Конный поезд двигался из Дармштадта в Любек, где его поджидали три фрегата Российской империи под командованием графа Разумовского. Далее путешествие следовало по морю. Мы гостей ожидали 1 июня, но они задержались в Ревеле из-за непогоды. Только пятого числа получили записку: мсье Дидро сообщал, что доехал благополучно и по распоряжению царицы поселился вместе с Гриммом в доме Мятлева на Исаакиевской площади. (В скобках замечу: дом действительно назывался Мятлевским — по фамилии прежнего владельца, но теперь его хозяином был Нарышкин. А когда Дидро поругался с Гриммом, переехал в другой особняк Нарышкина.)

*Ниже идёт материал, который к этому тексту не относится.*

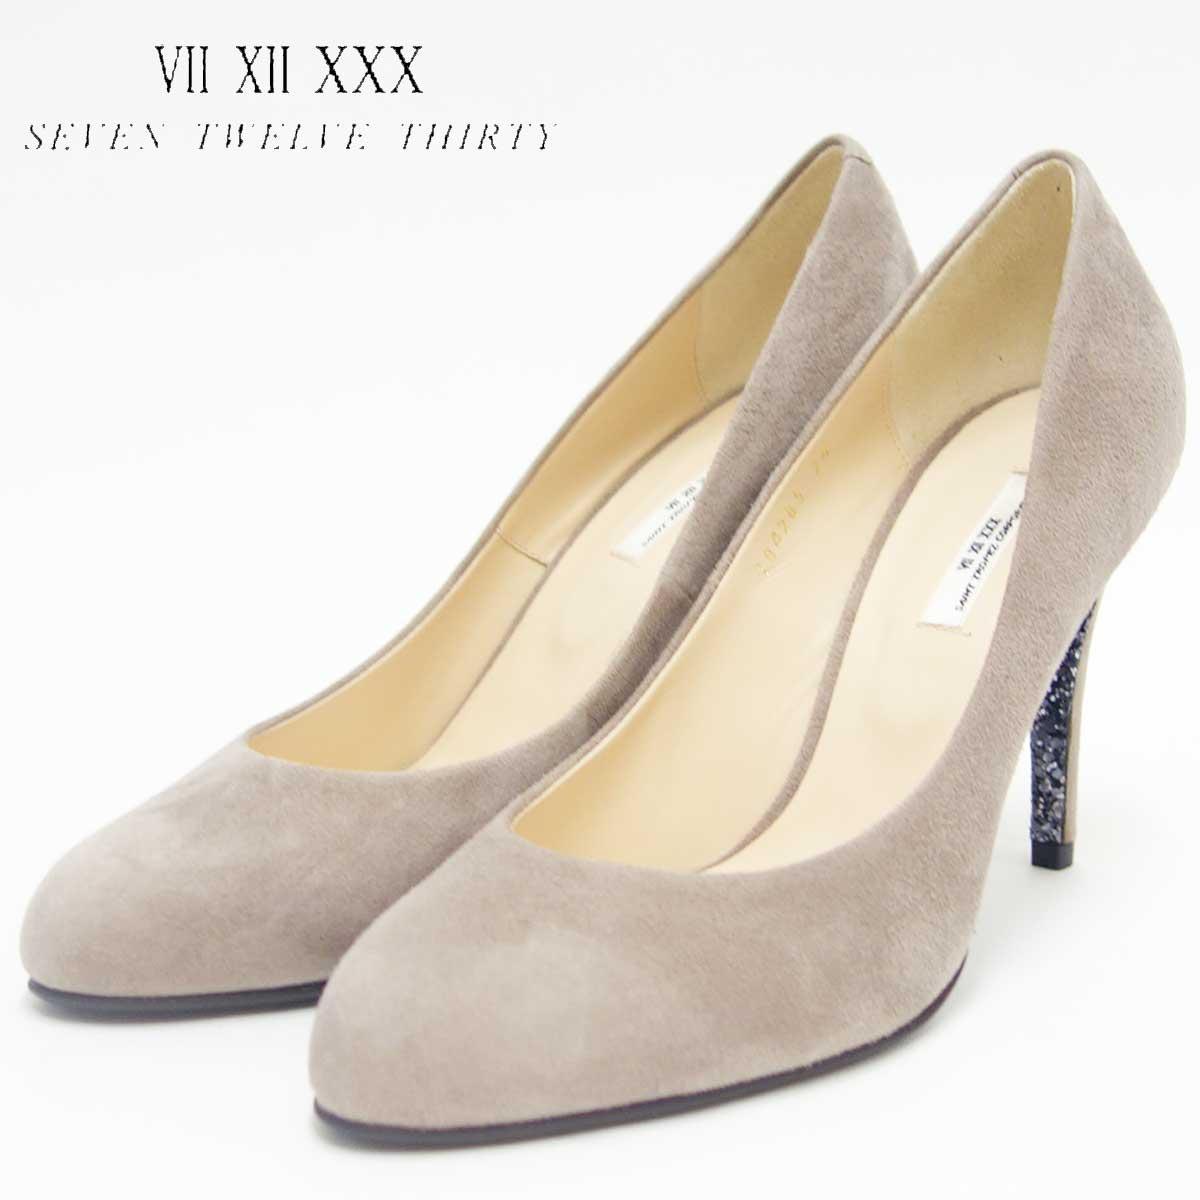 SEVEN TWELVE THIRTY セヴントゥエルヴサーティ 104285 オークスエード (9cmヒール)グリッターソールパンプス(日本製)「靴」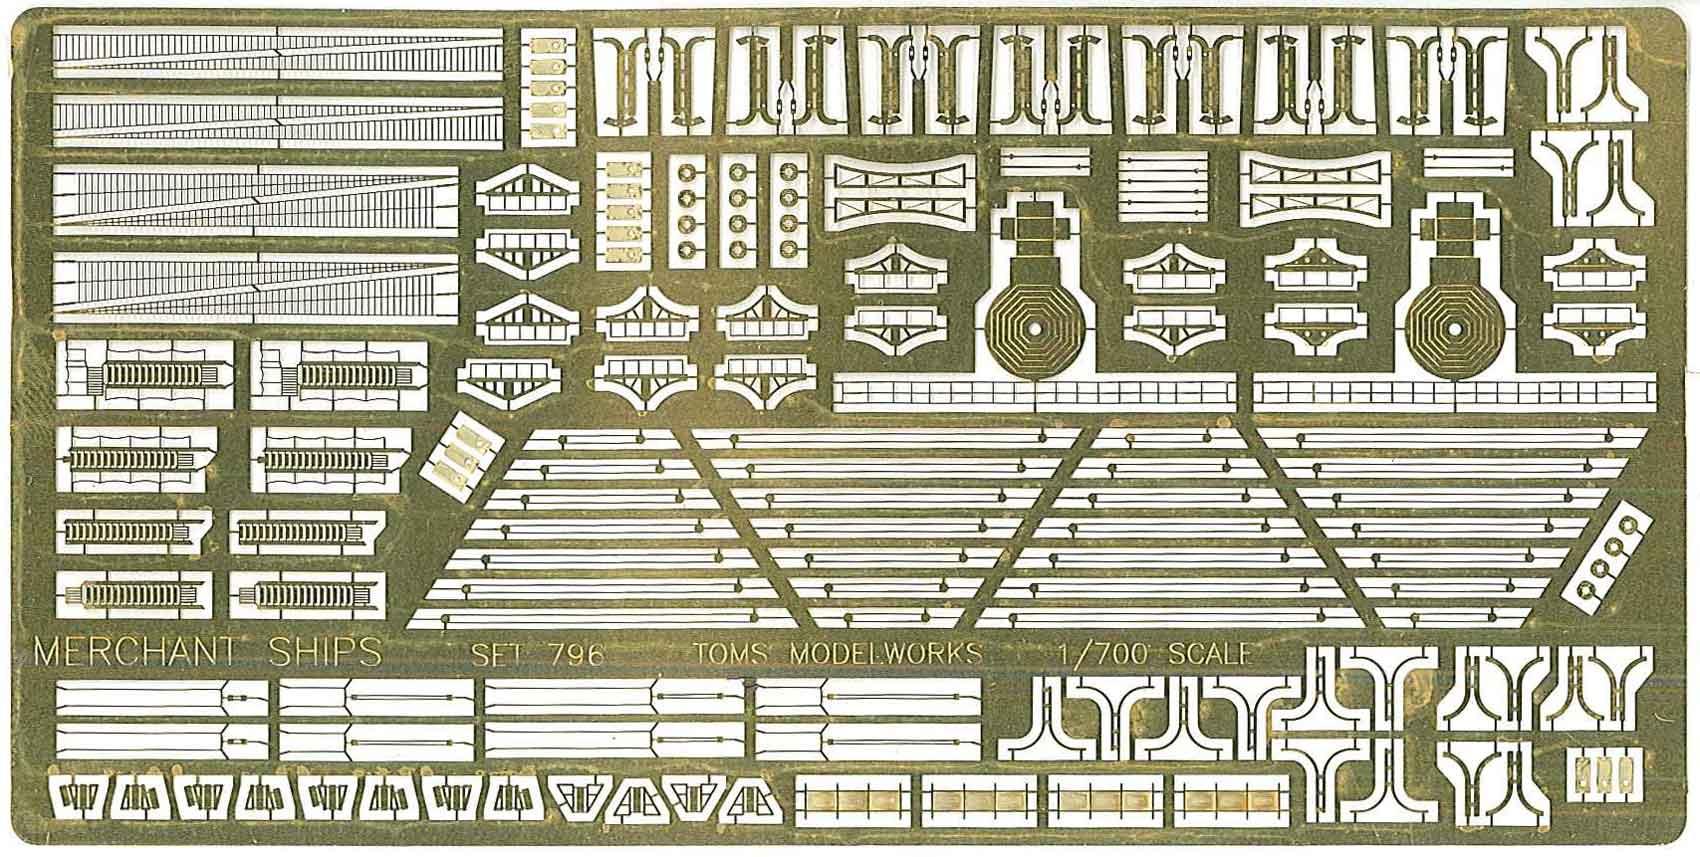 PE333 1/700 日本商船用 エッチングパーツ

Мы, признаться, выдохнули с облегчением: разумеется, рады были бы приютить у себя великого мыслителя, но тогда несли бы ответственность за его комфорт, стол, чистоту одежды и прочее, а теперь освобождены от этих проблем; и к тому же не надо переселять Пьера — тоже немаловажно. Посетил нас ученый день спустя — в тот момент, как Екатерина и Павел отбыли знакомиться с дармштадтскими гостями.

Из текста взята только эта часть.